Rien , absolument rien ne seras possible pour toi . Seule solution c'est si ton 4s est sous ios 9.0.2 max , tu peut le jailbreaker et à partir de la y aura possibilité .


----------



## magicmimi (3 Janvier 2016)

J'ai maintenant l'application "cydia" d'installer .... je trouve ps mon apli... pourrais tu me dire en deux mots comment cela fonctionne ? merci

ps :sachant que c'est une application que l'on envoit normalement sur son android à partir de là : 

http://mightytext.net/install


----------



## magicmimi (4 Janvier 2016)

help me


----------



## Larme (4 Janvier 2016)

Vu qu'apparemment tu possèdes des Mac, tu peux peut-être utiliser Handoff et l'application Messages.app sur OSX qui gérera l'envoi via ton iPhone ?


----------



## magicmimi (5 Janvier 2016)

Larme a dit:


> Vu qu'apparemment tu possèdes des Mac, tu peux peut-être utiliser Handoff et l'application Messages.app sur OSX qui gérera l'envoi via ton iPhone ?



bonjour,
Pour envoyer des sms a des personnes n'ayant pas "message.app" ???  ce que je veux fonctionne non pas "comme des sms"  mais au final ce sont des sam.


----------



## aurique (5 Janvier 2016)

Avec Messages.app, tu peux envoyées des SMS (des vrais) a n'importe qui !! meme à des Androïds, pour te dire : )


----------



## magicmimi (5 Janvier 2016)

aurique a dit:


> Avec Messages.app, tu peux envoyées des SMS (des vrais) a n'importe qui !! meme à des Androïds, pour te dire : )


oui mais ils recoivent cela sur leur téléphone comme un sms classique ? même s'il n'ont pas mon tel enregistré ... comme un sms quoi ?

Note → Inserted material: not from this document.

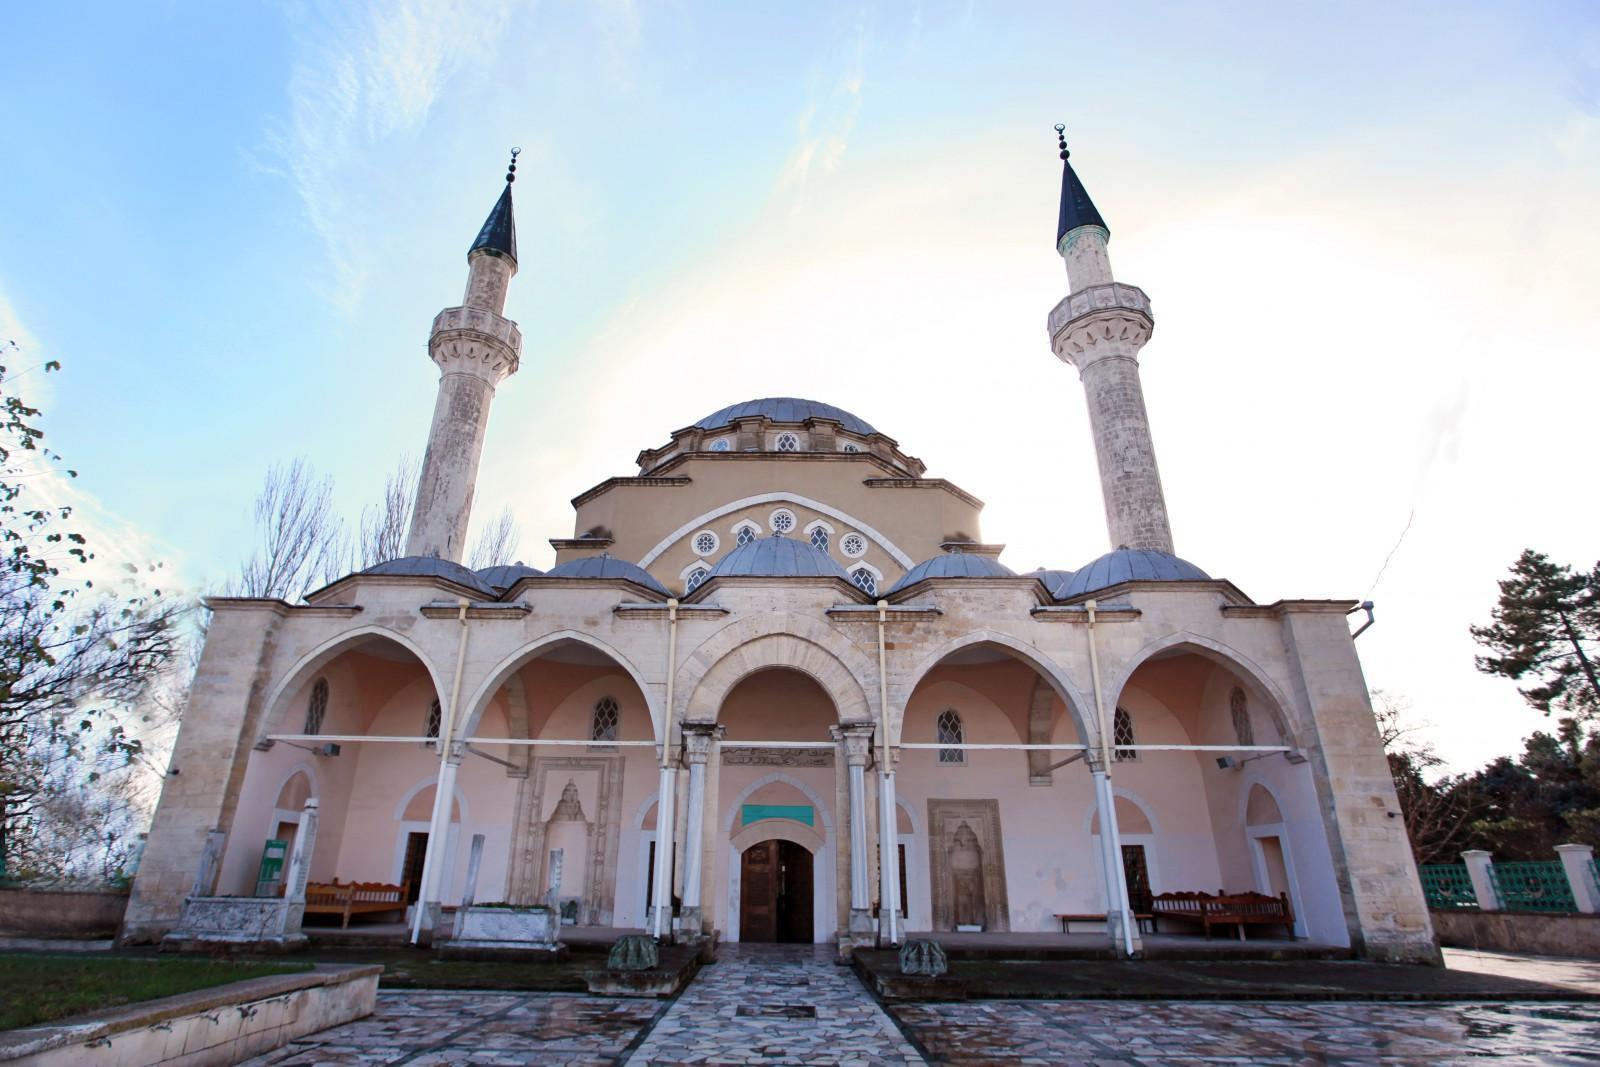 Мечеть Джума-Джами в Евпатории находится в «Старом» городе – древнем Гёзлёве, основанном османами после завоевания Крыма.

De plus je parle des les envoyer à partir de mon mac de bureau !


----------



## Larme (5 Janvier 2016)

magicmimi a dit:


> bonjour,
> Pour envoyer des sms a des personnes n'ayant pas "message.app" ???  ce que je veux fonctionne non pas "comme des sms"  mais au final ce sont des sam.


Il faut que ton iPhone & le Mac, soient sur le même compte iCloud & réseau WiFi. Le Mac fera le lien et enverra les SMS depuis l'iPhone.


----------



## magicmimi (5 Janvier 2016)

et si mon mac n'est pas wi-fi ?


----------



## magicmimi (18 Janvier 2016)

Larme a dit:


> Il faut que ton iPhone & le Mac, soient sur le même compte iCloud & réseau WiFi. Le Mac fera le lien et enverra les SMS depuis l'iPhone.


je recommence en citant Larme puisuqe je viens de voir qu'il y avait une alarme dans ce cas...   Et si mon mac n'est pas wi-fi ?


----------



## Larme (18 Janvier 2016)

magicmimi a dit:


> je recommence en citant Larme puisuqe je viens de voir qu'il y avait une alarme dans ce cas...   Et si mon mac n'est pas wi-fi ?


Pas possible.

Il n'y a pas d'applications Apple qui permette de faire cela.
Et à moins de jailbreaker, cela ne sera pas possible.

En effet, il y a plusieurs limitations : 
Une application ne peut pas envoyer un SMS sans validation de l'utilisateur (ça réduit les possibilités de SPAM). 
Une application ne peut être active pour toujours (contrairement à Android, où on peut faire tourner quelques trucs).
Donc, il faudrait qu'on envoie une Push Notification (via une application OSX ou un "site web"), que ce dernier réveille momentanément l'application (qui devrait être connectée pour recevoir la Push Notification) et qui elle se chargerait d'envoyer le tout via une plateforme spécialisée (qui potentiellement serait payante), sans passer par l'application Messages.app donc. Autant passer par la plateforme spécialisée directement, ce qui risque de coûter bonbon...


----------